What to do:
Output range, inclusive: from the line containing "God Never Gave Up On Me - Hoodie" to the line containing "Hot Sale Solid". Restate those lines from the data below word for word and only those.

Material to process:

⟨

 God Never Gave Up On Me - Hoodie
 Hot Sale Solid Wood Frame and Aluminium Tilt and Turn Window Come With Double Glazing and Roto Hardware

⟩
⟨

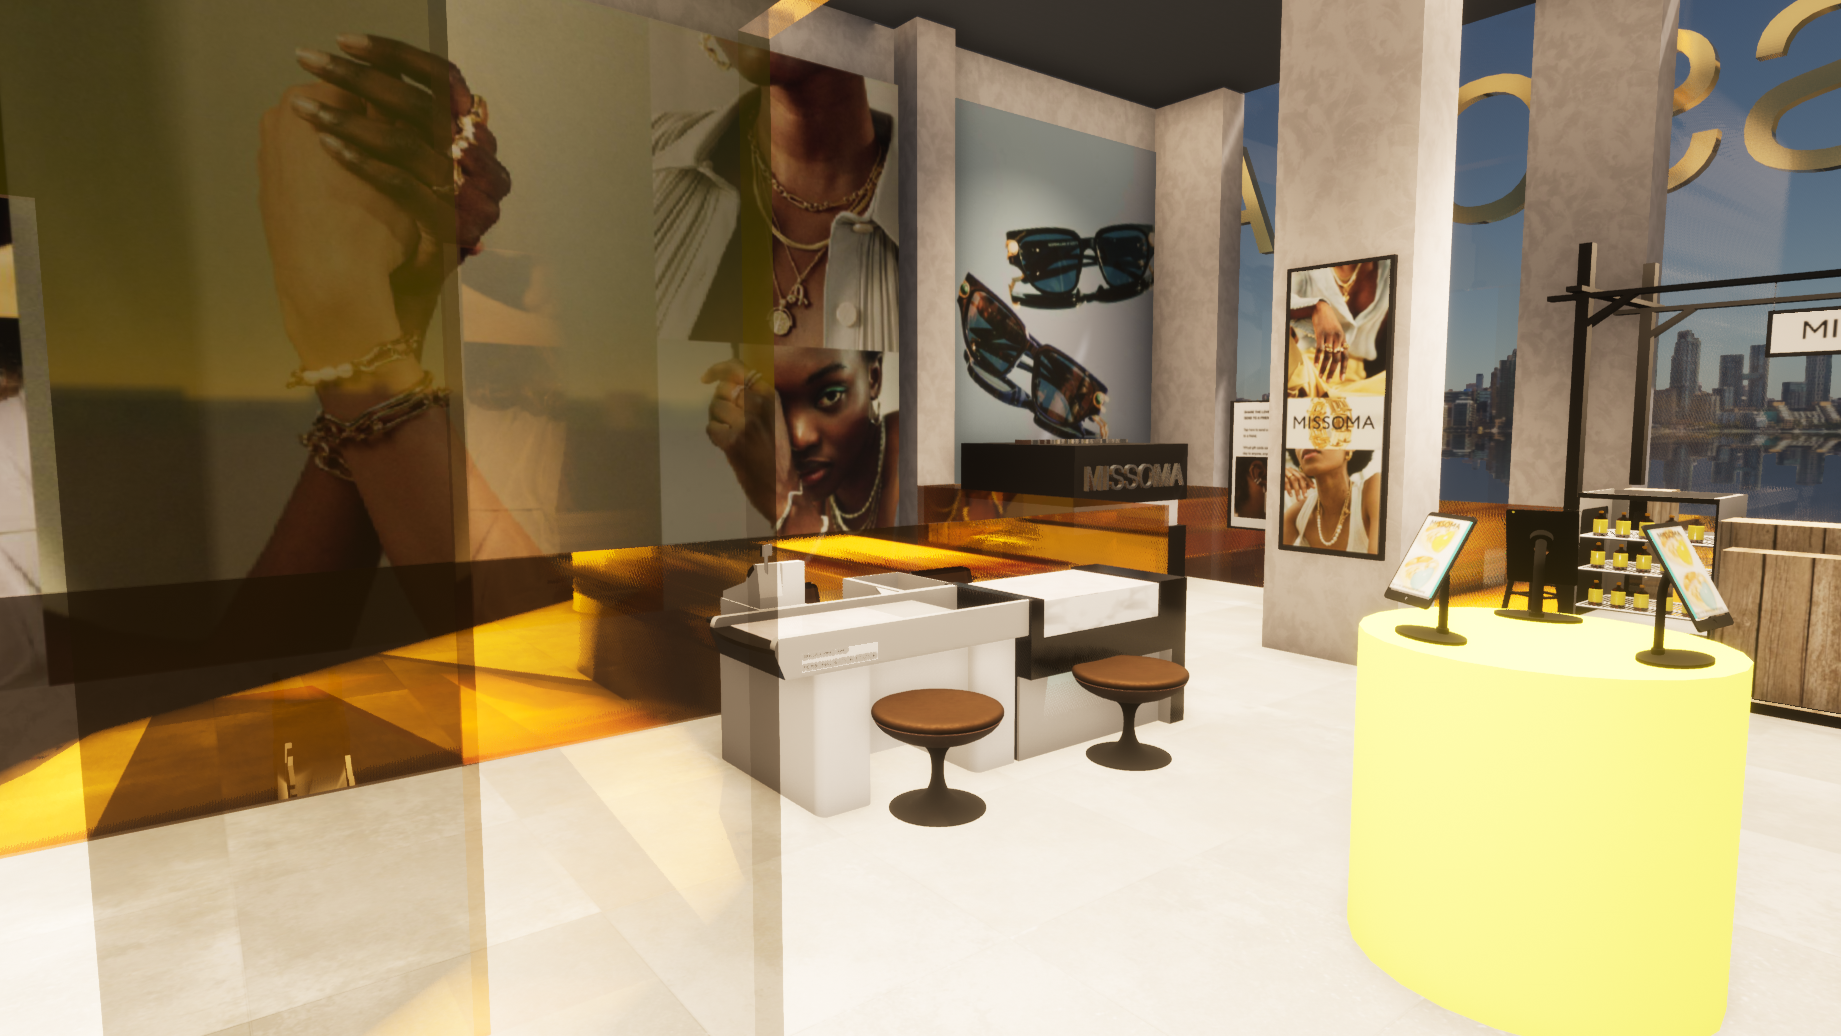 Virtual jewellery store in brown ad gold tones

⟩
⟨

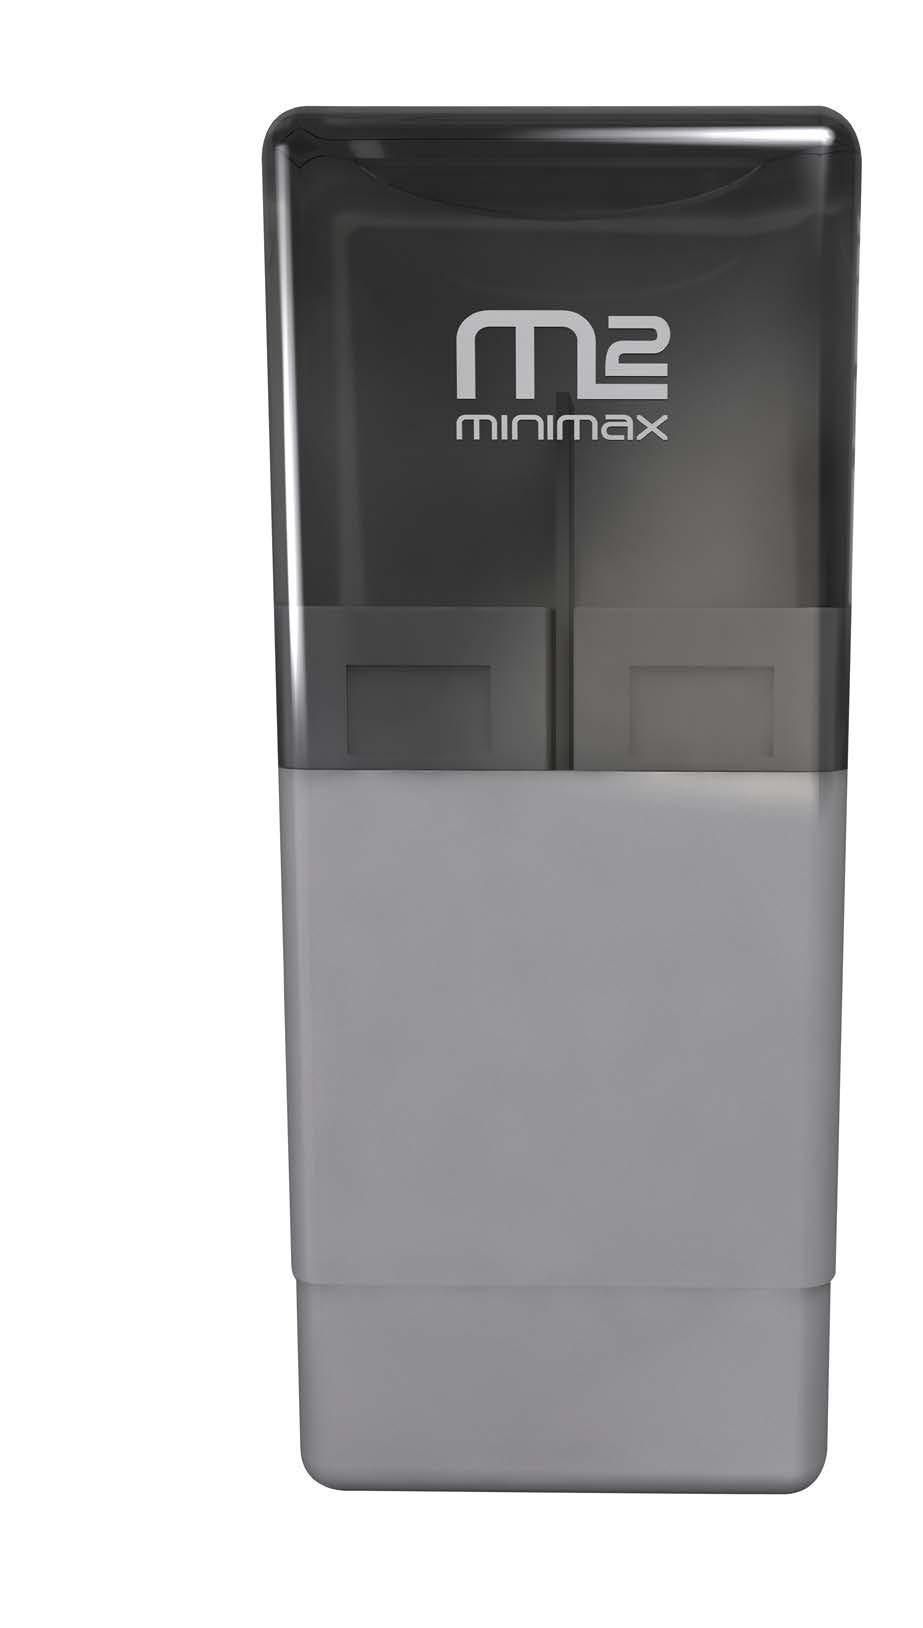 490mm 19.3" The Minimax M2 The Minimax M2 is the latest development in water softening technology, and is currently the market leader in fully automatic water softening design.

⟩

Completed task:
 God Never Gave Up On Me - Hoodie
 Hot Sale Solid Wood Frame and Aluminium Tilt and Turn Window Come With Double Glazing and Roto Hardware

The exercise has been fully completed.